Japan, as well as South East Asia was a major refuge for Indian nationalists living in exile before the start of World War II who formed strong proponents of militant nationalism and also influenced Japanese policy significantly. Although Japanese intentions and policies with regards to India were far from concrete at the start of the war, Japan had sent intelligence missions, notably under Major I Fujiwara, into South Asia even before the start of the World War II to garner support from the Malayan Sultans, overseas Chinese, the Burmese resistance and the Indian movement. These missions were successful establishing contacts with Indian nationalists in exile in Thailand and Malaya, supporting the establishment and organisation of the Indian Independence League.
At the outbreak of World War II in South East Asia, 70,000 Indian troops were stationed in Malaya. After the start of the war, Japan's spectacular Malayan Campaign had brought under her control considerable numbers of Indian Prisoners of War, notably nearly 55,000 after the Fall of Singapore. The conditions of service within the British Indian Army as well as the conditions in Malaya had fed dissension among these troops. From these troops, the First Indian National Army was formed under Mohan Singh and received considerable Japanese aid and support. It was formally proclaimed in September 1942 and declared the subordinate military wing of the Indian Independence League in June that year. The unit was dissolved in December 1942 and Mohan Singh was arrested and exiled to Pulau Ubin after apprehensions of Japanese motives with regards to the INA led to disagreements, distrust and subsequently open hostility between Capt. Mohan Singh and INA leadership on one hand, and the leagues leadership, most notable Rash Behari Bose and the Japanese military command on the other. A large number of the initial volunteers chose to revert to Prisoner of War Status and large number of these were subsequently sent to work in the Death Railway or in New Guinea. From the end of December 1942 to February Rash Behari Bose struggled to hold the INA together.

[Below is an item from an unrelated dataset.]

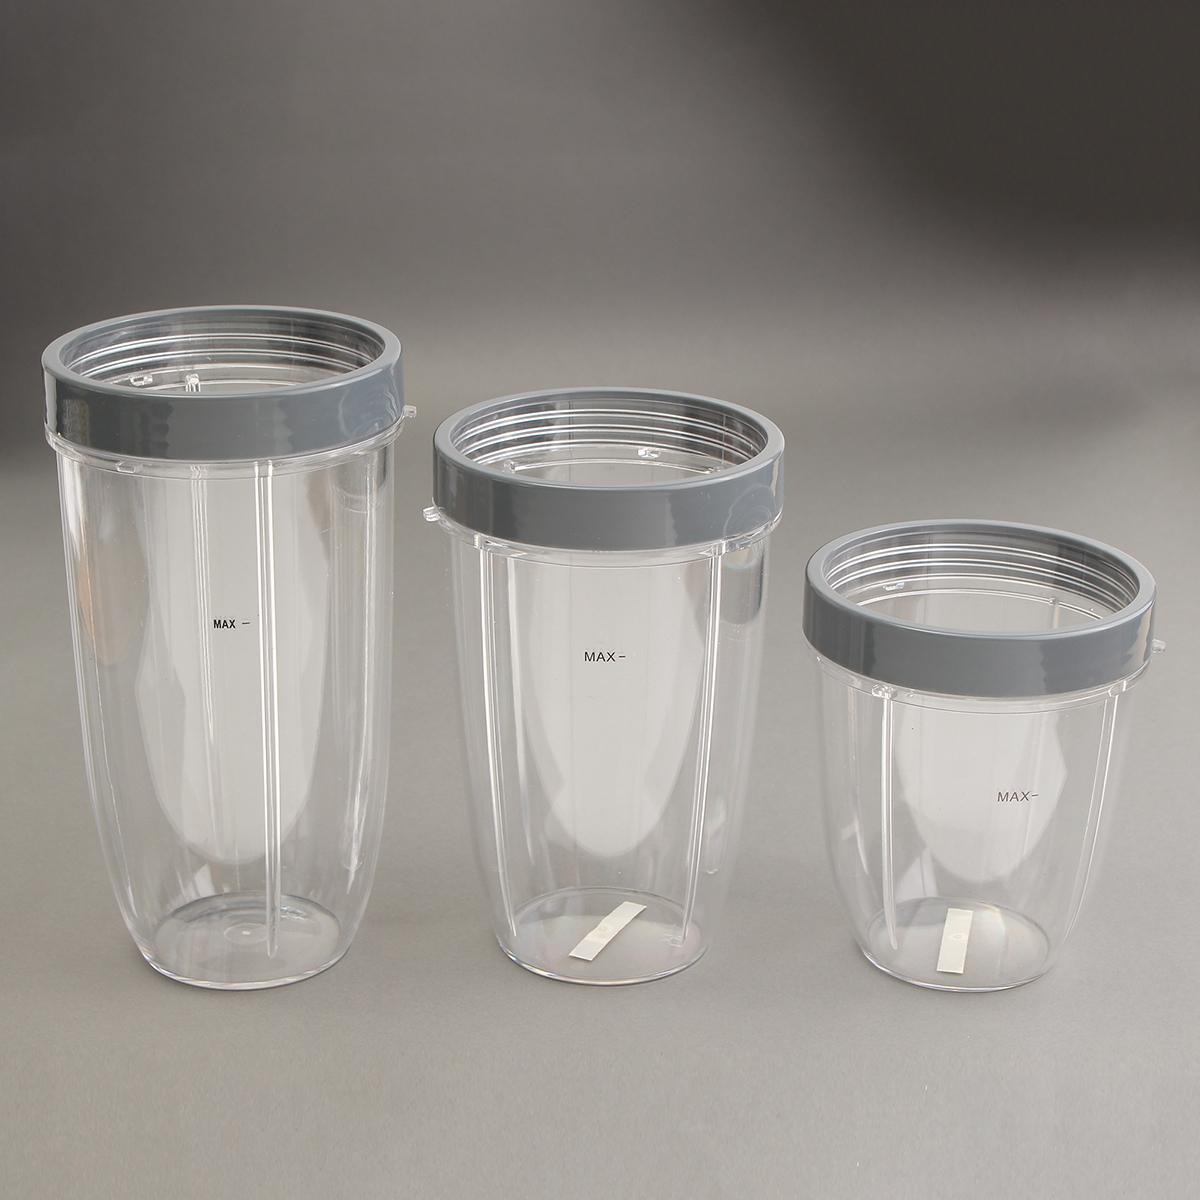 18 Oz/24 Oz/32 Oz Replacement Cup With Lid For Nutribullet Nutri Bullet Blender
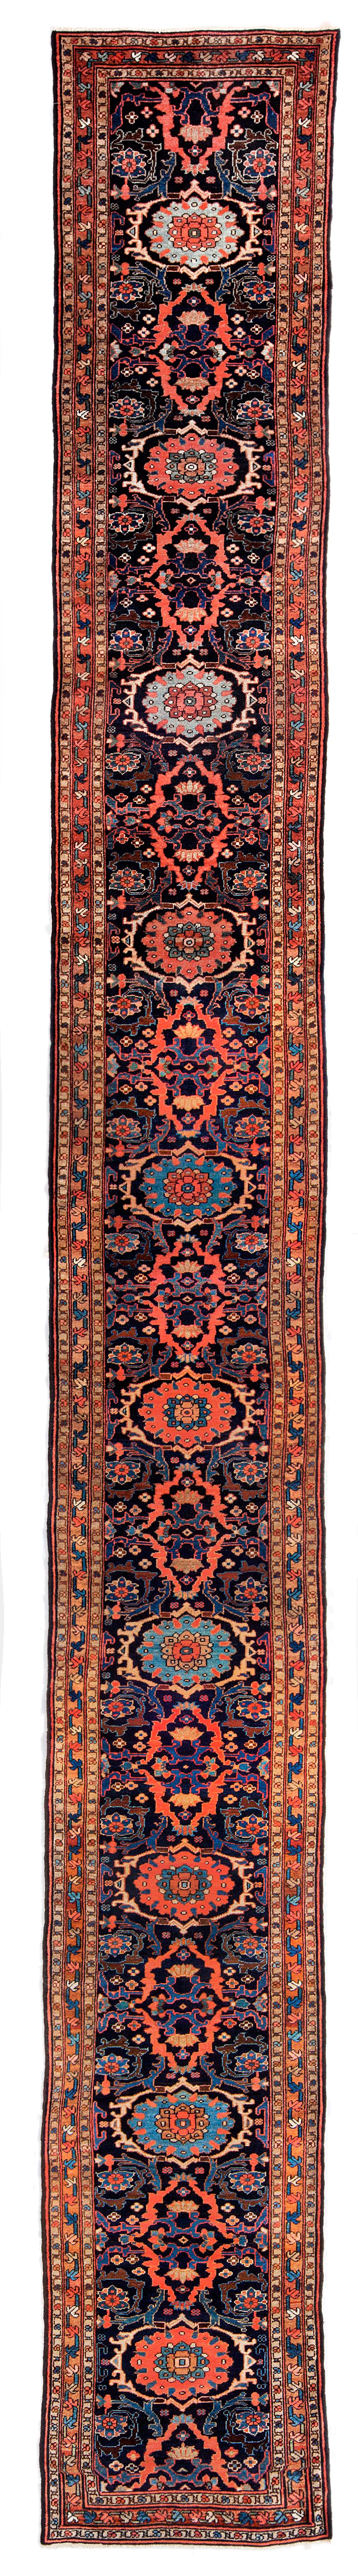 Northwest Persian Runner_17380

Although there are slight variations in estimates, the INA is considered to have comprised about 40,000 troops when it was disbanded. The following is an estimate attributed to Lt. Colonel G.D. Anderson of British intelligence:
There were 45,000 Indian troops from Malaya captured and assembled in Singapore when the Japanese captured it. Of these, about 5,000 refused to join the INA. The INA at this time had 40,000 recruits. The Japanese were prepared to arm 16,000. When the "first INA" collapsed, about 4,000 withdrew. The Second INA, commanded by Subhash Chandra Bose, started with 12,000 troops. Further recruitment of ex-Indian army personnel added about 8,000-10,000. About 18,000 Indian civilians enlisted during this time. In 1945, at the end of the INA, it consisted of about 40,000 soldiers.